Abstract
Variable selection in the context of a linear model or a linear mixed model is a fundamental but often contentious part in applied statistical model building. However, very little on the topic is available in statistical literature. In the current article, we propose a new algorithm for variable selection in the context of a linear mixed model that considers investigator preference and data availability along with other statistical considerations. The performance of the new algorithm is contrasted with the available automated variable selection using backward elimination via a real data set.
Keywords
Backward elimination; Regression analysis; Linear model; Linear mixed model; Variable selection; Investigator preference; Missing proportions
Introduction
Variable selection in the context of a linear model or a linear mixed model is a fundamental but often contentious part in the applied statistical model building. In most applied statistical research, the investigators often face the dilemma of selecting a small number of most "important" characteristics to be included in the final linear regression or logistic regression model. However, differences in characteristics selected have a direct impact on the results of the study and thus have practical consequences on how the results of the study would be interpreted and utilized. Studies in the area of social and behavioral sciences often collect a large number of relevant information on each subject. Longitudinal studies collect repeated data on these variables at different time intervals. However, because of obvious constraints such as money and time, the sample size utilized in these studies may not always be large enough. At the analysis stage, the investigators then have the difficult task of selecting a smaller subsample of variables that are available using some statistical criteria. The most common statistical methods for this purpose are known as forward selection, backward selection, and stepwise selection [1]. Also available are empirical Bayes' method [2], Lasso method [3], and Gibb's sampling method [4] to name a few. These methods use strictly statistical criteria such as AIC [5], BIC [6], or C_{p} [7] to identify the best possible set of predictors from among a much larger set. While such statistical criteria assure objectivity in model selection, they lack subjective input from the experts in the field. The subject area experts, from their experience in the area of study and focus of the analyses, may provide useful guidance in model building and thus make the end results more practically oriented towards the goals of the study. Statistical model building is a balanced combination of art and science, where the statistical criteria provide the science component and the subjective input from the experts serves as the art.
Missing data is essentially a part of any applied statistical study and a nuisance, but also can be a severe constraint on statistical analyses. Even given best efforts, it is not always possible to avoid missing data, especially in a longitudinal study. There are various types of missing data: missing completely at random (MCAR), missing at random (MAR), and nonignorable missing (NINR) [8]. Various authors discuss methods of data analyses that can be employed when some data are missing. See [9] for a review of available statistical techniques and their properties. A comparison of available statistical methods for incomplete data regression models and various software implementations of such techniques is provided in [10].

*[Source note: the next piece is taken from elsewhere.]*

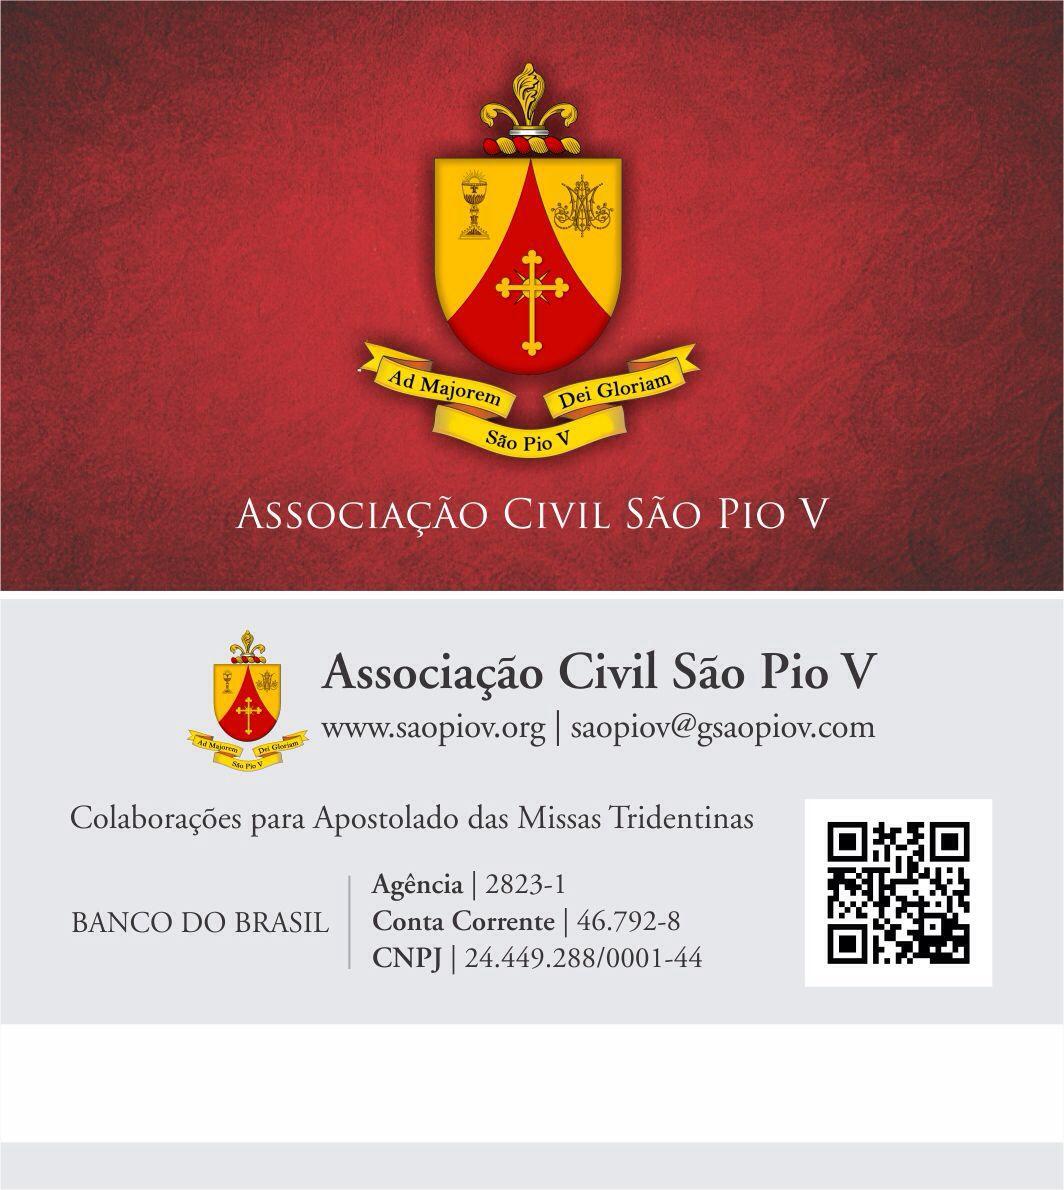 Contribuições para a ACSPV

One common feature of the variable selection methods mentioned above is that all of them assume a complete data set. In most cases this results in a complete case analysis where the cases with missing variables are deleted or the missing data are imputed using one of several imputation methods. Imputation methods, though attractive in some specific situations, are complicated, subject to additional assumptions about the data generation process, and difficult to implement using standard statistical software. As a result, oftentimes, researchers use only the complete data cases.
In this article, we discuss a new algorithm for variable selection in the context of a linear mixed model that considers investigator preference and data availability along with other statistical considerations in statistical model building. The focus of the new algorithm is threefold: 1) to maximize the use of available data, 2) to incorporate subjective investigator input, and 3) to maintain statistical objectivity by utilizing statistical decision rules. The rest of the paper is organized as follows: Section 2 describes the new algorithm, Section 3 discusses an implementation using a real dataset, and Section 4 contains some concluding remarks.
Weighted Backward Selection Algorithm:
The weighted backward selection algorithm proposed in this article is essentially a backward selection algorithm where the initial model includes all variables of interest. This complete model is then reduced to a more parsimonious model by removing some redundant variables from the initial model. The usual backward selection model removes such redundant variables based on strict criteria of statistical significance. In the weighted backward selection algorithm other considerations are also used while deciding which one variable to drop at each step. In the present article, we will demonstrate the algorithm with two additional criteria: the amount of missing data on a variable and the investigator preference of a variable. However, one can easily incorporate other considerations in the variable selection process
The steps of the weighted backward selection algorithm where investigator preference and amount of missing data are considered along with statistical significance are described below:
 Step A: Compute the percent of missing data for each independent variable.
 Step B: List the investigator rankings of independent variables. The most important variable according to the investigator gets the lowest rank and so on.
 Step 1: Compute the missingness index by sorting the available variables by percent of missing observations. The variable with the lowest number of missing observations gets the lowest ranking and so on.
 Step 2: Estimate the model with available independent variables and create the pvalue ranking for each variable. The variable with the smallest pvalue gets the lowest rank and so on.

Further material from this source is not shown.